Let \(E \in \mathbb{R}^{V \times d}\) be the input embedding matrix and \(W \in \mathbb{R}^{V \times d}\) be the output projection (typically untied from \(E\) in Word2Vec; we'll tie them in Phase 17 transformers). For a context window of size \(k\) (tokens on each side, so \(2k\) context tokens total) around center token \(t\):

Look up the context embeddings:

\[h = \frac{1}{2k} \sum_{j \in \text{context}(t)} E[j] \quad \in \mathbb{R}^d\]

(Average the embeddings of the context tokens.)

Project to logits:

\[z = h \cdot W^\top + b \quad \in \mathbb{R}^V\]

Softmax + cross-entropy loss:

\[\mathcal{L}_t = -\log \text{softmax}(z)_t = -z_t + \log \sum_j \exp(z_j)\]

(Phase 05's cross_entropy_from_logits.)

The loss over the corpus is the sum (or mean) over all centers \(t\).

The Skip-Gram math (sketch)¶

For comparison only — not implemented in this phase. Center \(t\), predict each context word independently:

\[\mathcal{L}_t = -\sum_{j \in \text{context}(t)} \log \text{softmax}(E[t] W^\top + b)_j\]

Each context word is a separate cross-entropy term using the same prediction \(E[t] W^\top + b\).

Skip-Gram tends to do better on rare words because every rare word gets multiple updates per occurrence. CBOW tends to do better on frequent words because the averaging stabilises common contexts. Our corpus is small and well-balanced (every verb appears equally often in templates); CBOW is the right choice.

Negative sampling (out of scope here)¶

The softmax in the loss has a denominator over all \(V\) tokens. For our \(V = 64\), this is trivial. For Word2Vec's original setup (\(V = 10^6\)), it's expensive — hence negative sampling: replace the full softmax with a binary classification against \(k\) random "negative" tokens. We do not implement negative sampling; the corpus is small enough for the full softmax.

Mentioned here so that:

When you read Word2Vec papers / code, you recognise the technique.
When you scale up later, you know which optimisation to reach for.

The window size \(k\)¶

We use \(k = 2\) (so 4 context tokens around each center). Choice of \(k\):

\(k\) small (1-2): captures local syntactic structure. Good for our short, templated sentences.
\(k\) large (5-10): captures more diffuse "topic" co-occurrence. Used by Word2Vec on news corpora.
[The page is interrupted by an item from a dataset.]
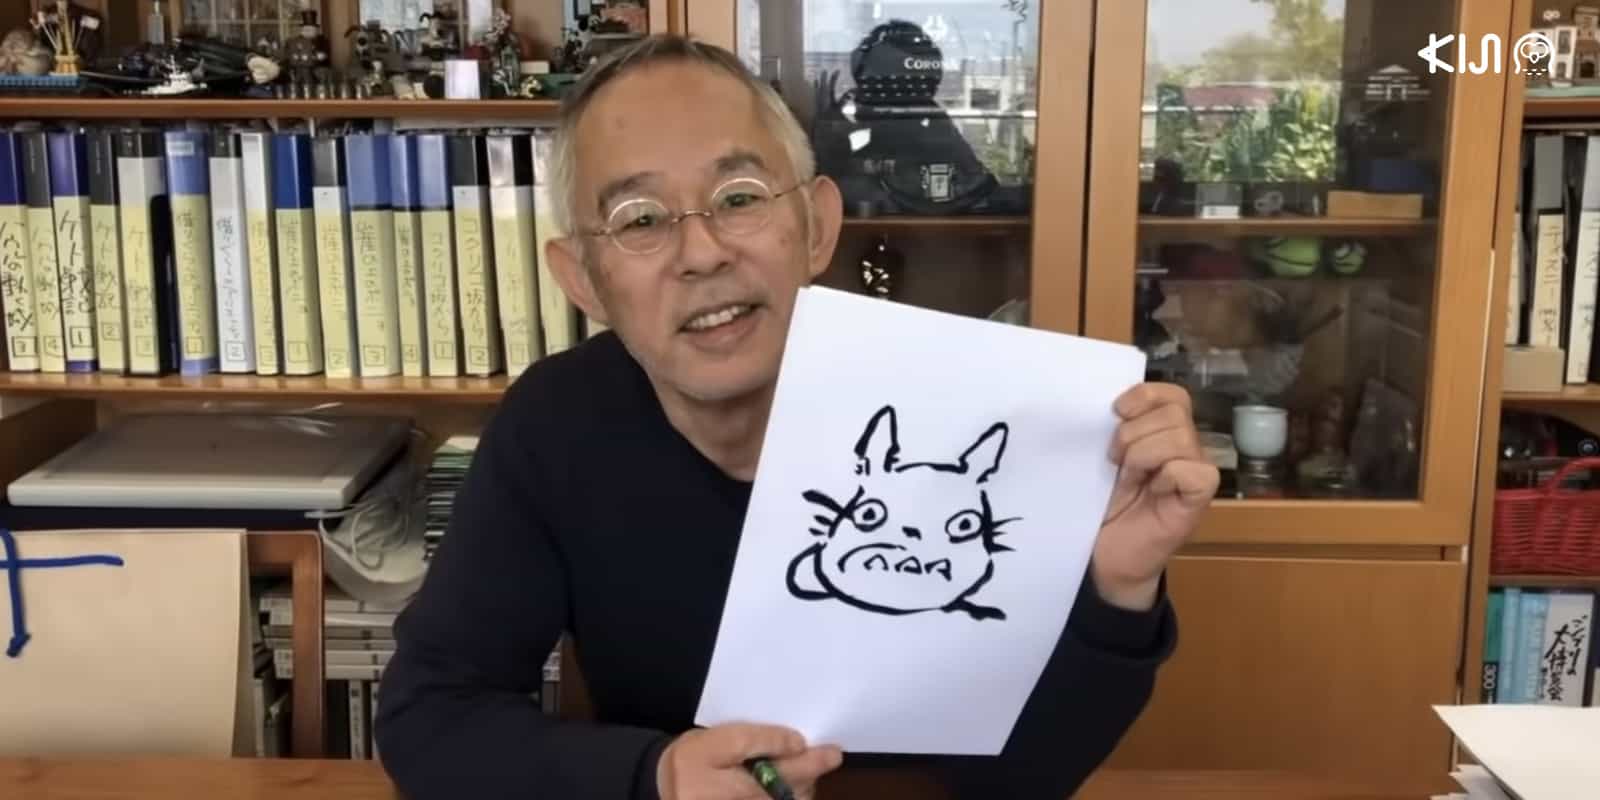 โทชิโอะ ซูซูกิ หนึ่งในผู้สร้างสตูดิโอจิบลิ ปล่อยวิดีโอสอนวาด โตโตโระ

For the §A13 corpus — short sentences like I work every day . — \(k = 2\) gives a context that includes the subject pronoun and a temporal marker. Larger windows would include other sentences and dilute the signal.

The embedding dimension \(d\)¶

The rule of thumb from PHASE_13_PLAN.md: \(d \approx V^{1/4}\) for tiny vocabs. For \(V = 64\), that's \(d \approx 3\). We use \(d = 32\) — over-parameterised by 10× — for two reasons:

Headroom for the downstream model. Phase 17's transformer expects \(d_\text{model} = 64\), and the embedding will eventually be tied as a row of that matrix. Starting at \(d = 32\) keeps things manageable; if we need to expand to 64 later, we can re-train or zero-pad.
Visualization fidelity. UMAP projection from \(d = 3\) to \(d = 2\) is a near-trivial squash; from \(d = 32\) to \(d = 2\) gives UMAP enough room to find structure.

The expected training dynamics¶

For our corpus, on a CBOW with \(d = 32, k = 2\), full-softmax loss, SGD with momentum:

Epoch 1: loss drops from \(\log V \approx 4.16\) (uniform random) to ~3.5 as the model learns that some tokens (the, a, ,) are more frequent than others.
Epoch 5–10: loss drops to ~2.5 as the model learns subject-verb co-occurrence (I work, she works, etc.).
Epoch 20: loss ~2.0. The geometry is now structured enough to plot.

If your loss plateaus much above \(\log V \approx 4.16\), you have a bug — probably gradient flow not reaching \(E\). (Lab 00's gradient test catches this.)

If your loss drops to ~0, you've overfit — the embeddings memorise position-specific co-occurrence. For our small corpus, slight overfitting is fine because the geometry (the thing we care about) is robust to it.

What this file does NOT cover¶

GloVe. Another classic embedding method (Pennington et al. 2014). Out of scope.
fastText, subword embeddings. Phase 11 handled subword tokenization; we don't re-do it here.
Contextual embeddings (BERT, GPT). Phase 15+. CBOW gives one vector per token, no matter the context.
Negative sampling implementation. Mentioned above; not coded.